Dataset extract>
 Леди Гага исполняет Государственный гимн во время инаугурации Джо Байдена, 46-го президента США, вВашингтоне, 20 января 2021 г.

---

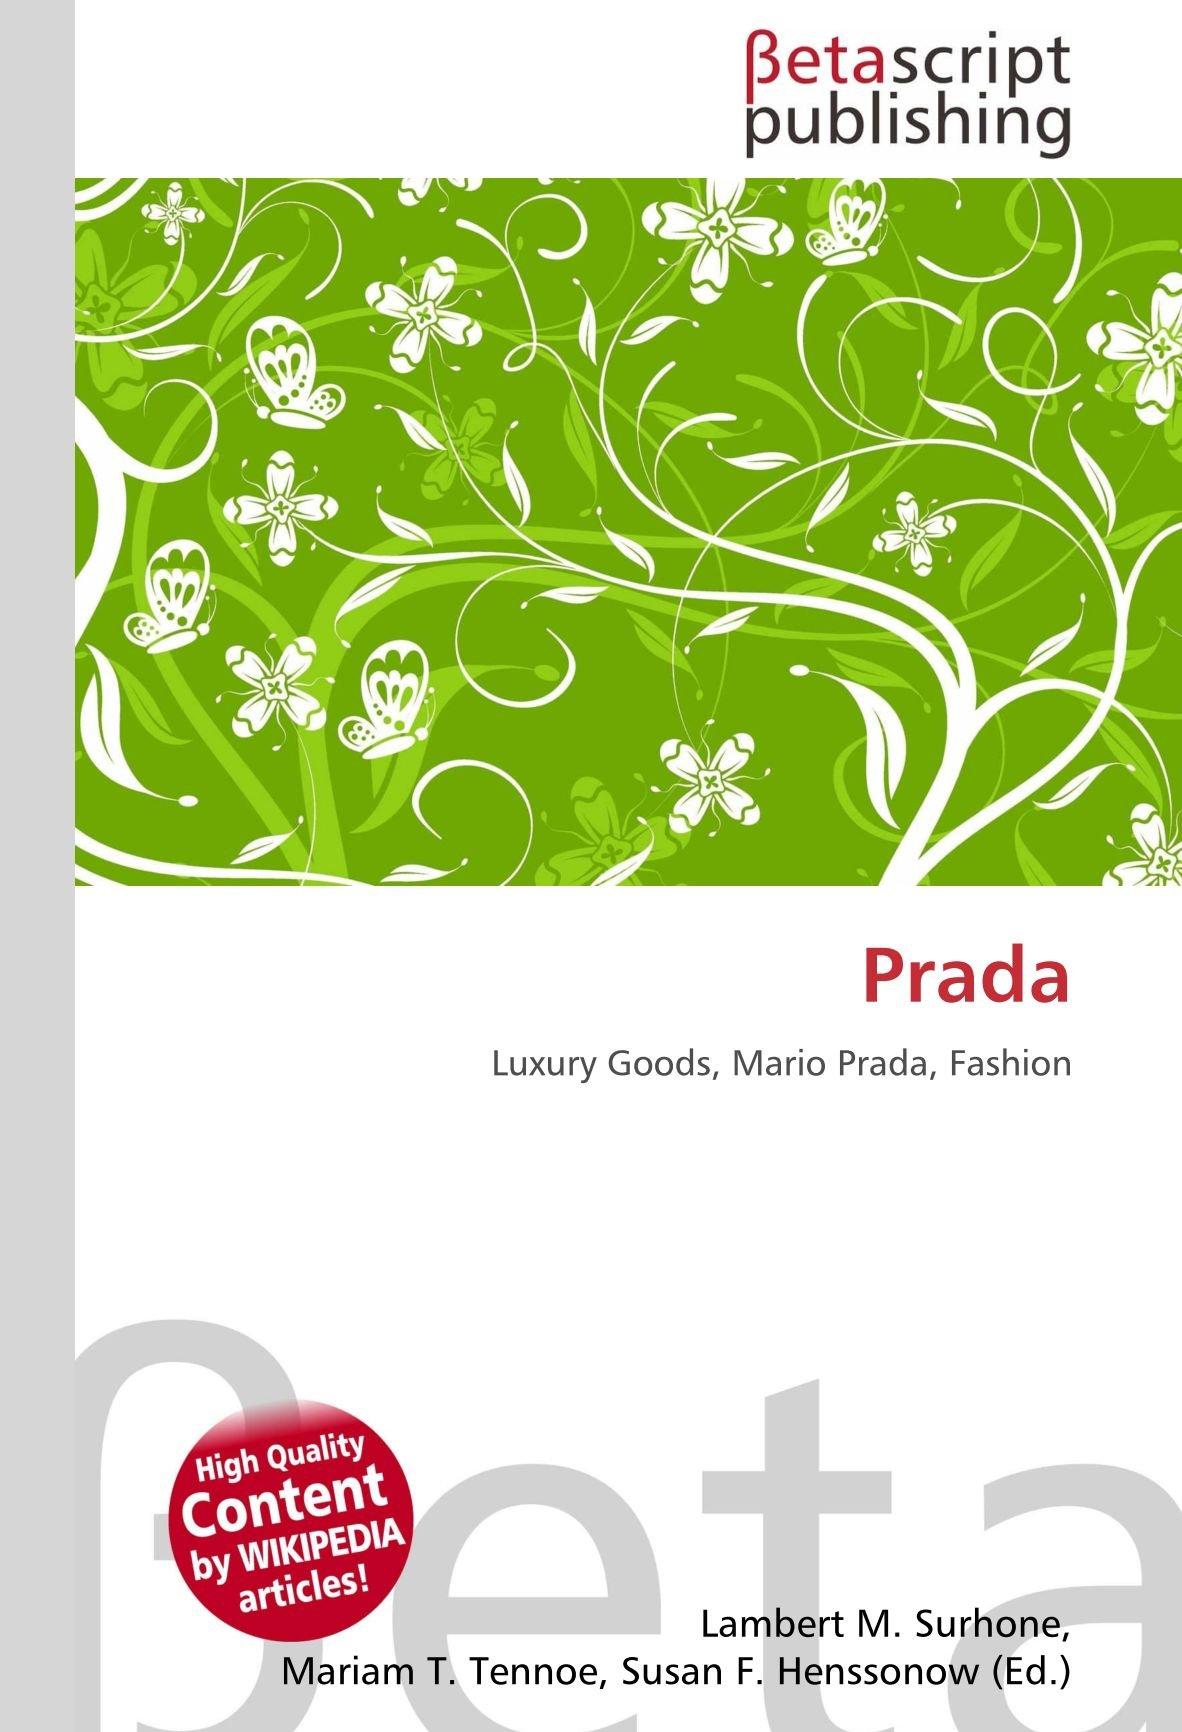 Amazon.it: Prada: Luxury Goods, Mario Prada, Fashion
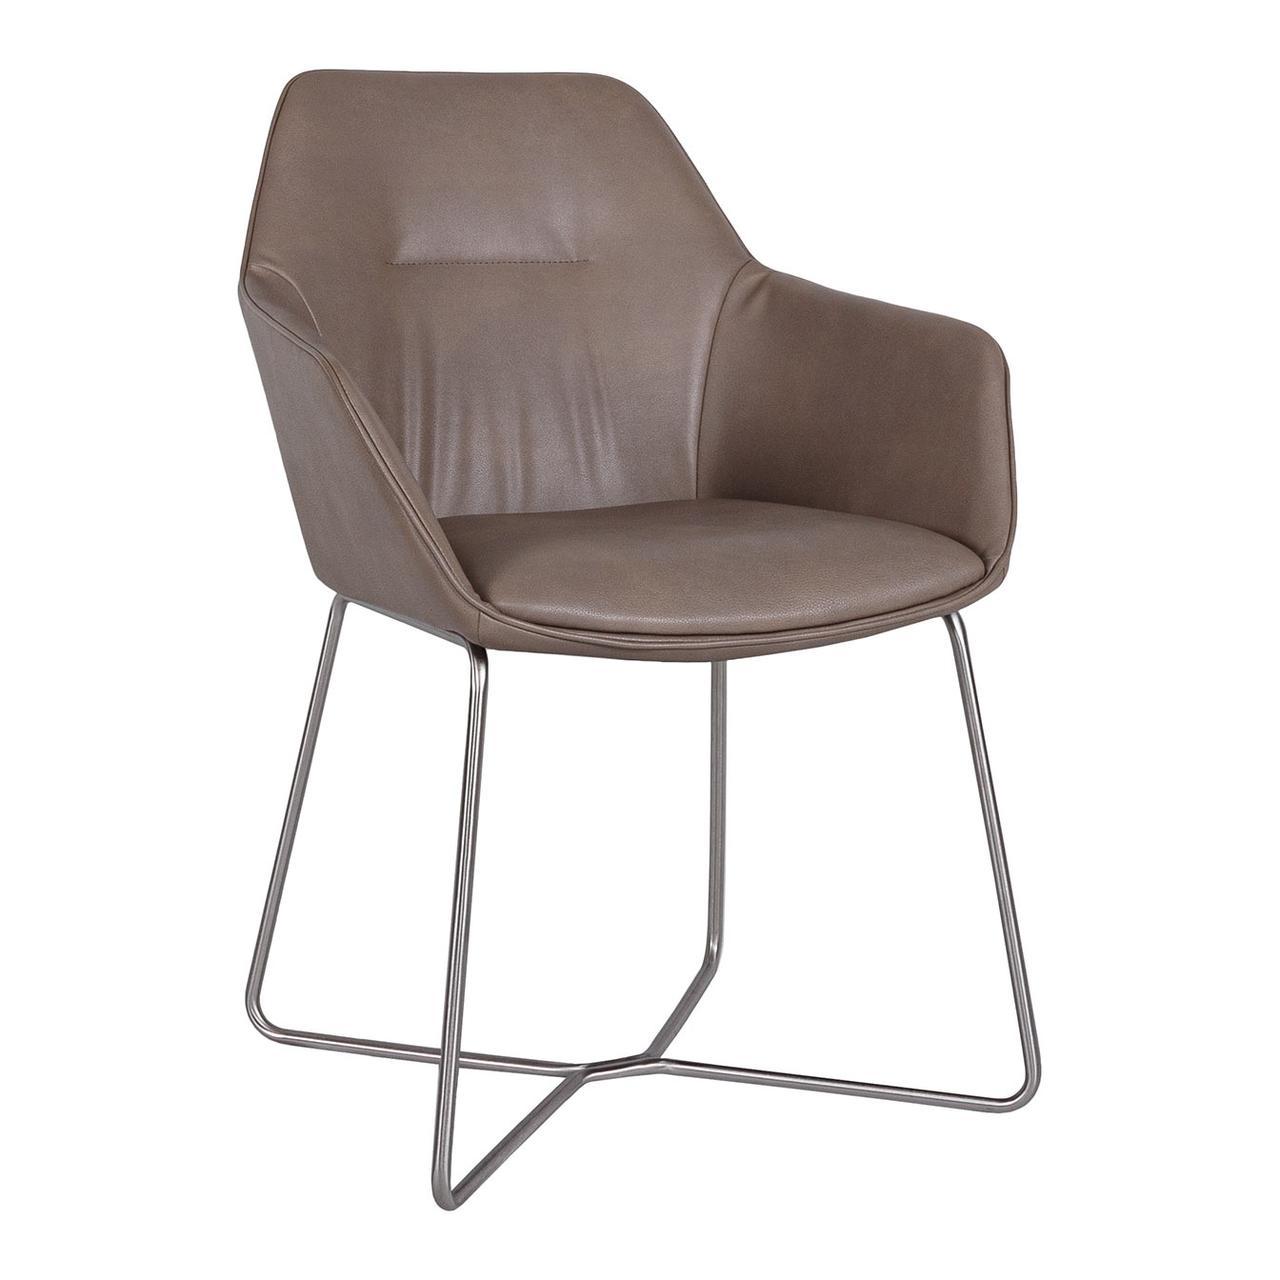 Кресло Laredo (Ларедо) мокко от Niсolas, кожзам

What you have to do>
Write back word for word every line in the entries above from the one with "Amazon.it: Prada: Luxury" to the one with "Кресло Laredo (Ларедо)", ends included, and none of the pictures.

Response area>
 Amazon.it: Prada: Luxury Goods, Mario Prada, Fashion
 Кресло Laredo (Ларедо) мокко от Niсolas, кожзам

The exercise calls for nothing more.